Conquering the Climate challenge

The UN climate panel, the IPCC, has so far presented five reports summarising the scientific status of the climate. Previously a lot of the focus was on emissions from the energy used in transport, heating and industry. Research is now increasingly showing that we also must do something about how we build and produce everything from houses and cars to clothes – because that is responsible for nearly half of our emissions.

19 Mar 2021

The solution is a recycling society, in which we use the materials and raw materials that we have already produced several times instead of always producing new materials in a way that impacts on the climate. A report from the UN body, the International Resources Panel, showed last year that the greatest impact on the climate is from when materials are first produced.

That’s why we at the environmental services company, Ragn-Sells, are changing our old family company, with its roots in the nineteenth century, from being the end of the road for waste that is to be disposed of, to a raw materials supplier within a recycling society.

At Ragn-Sells we have already made some progress by coming up with new solutions for turning waste into resources. Take nitrogen, phosphorous and potassium – three nutrients that are essential in agriculture. We can extract nitrogen from leachate to produce nitrogen fertiliser.

Nitrogen fertiliser is currently produced using a technique that won the 1918 Nobel Prize, long before the environment became humankind’s biggest problem, and it is a technique that creates enormous amounts of emissions. We can extract high-quality phosphorous from waste sludge, instead of mining it in a process that also sees toxins such as cadmium finding their way onto our plates. We can extract potassium from fly ash, which is a waste product left over from waste incineration.
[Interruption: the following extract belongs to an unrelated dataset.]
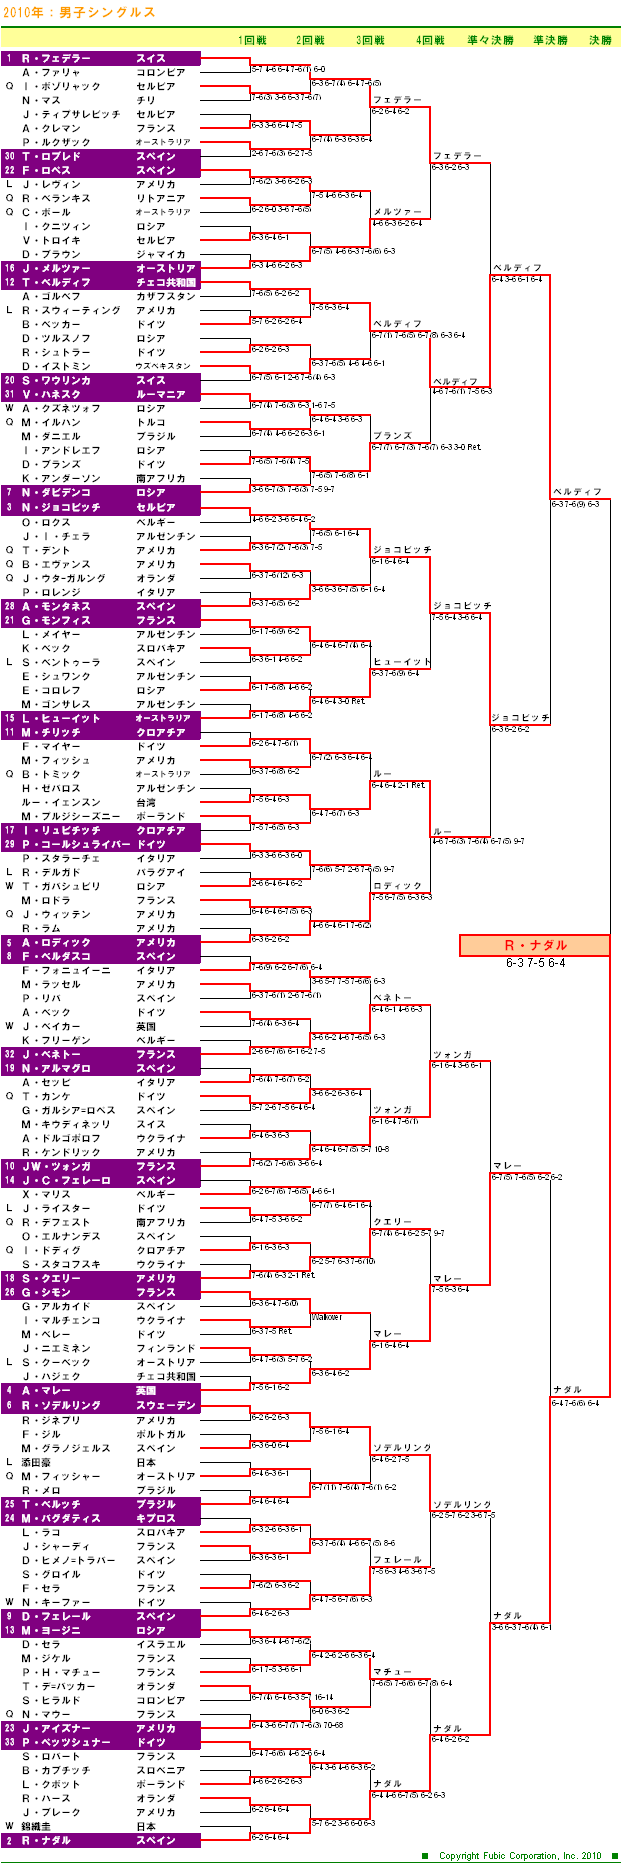 ウィンブルドンテニス2010　男子シングルスドロー表

Currently, 18 heavy truck-and-trailer units drive between Sweden and Norway every day, carrying fly ash that is dumped in an old lime-stone quarry on an island in the Oslo fjord. It is hard to imagine a less circular way of dealing with both valuable raw materials and harmful substances. We can’t replace nitrogen, phosphorous and potassium; the only way to secure their supply is to create cycles and to repeatedly re-use our nutrients.

Sweden has decided to take the lead and to stimulate the development of technologies that make it possible to turn today’s waste into usable resources. This reduces the need for raw materials and so allows us to significantly reduce out emissions resulting from our consumption. At the same time this will create new jobs and good export opportunities for both technology and recovered raw materials.

However, to do this we need to overcome a whole lot of obstacles. Items that come to us for recycling are often made in a way that makes it difficult to recover all the materials, or they contain harmful substances that must be taken out of the loop.

This is where thoughtful design is needed, where a product’s life after use is included from the very beginning of the design process. Above all, we need new regulations that make it economically smart to concentrate on recovered materials instead of always producing new ones.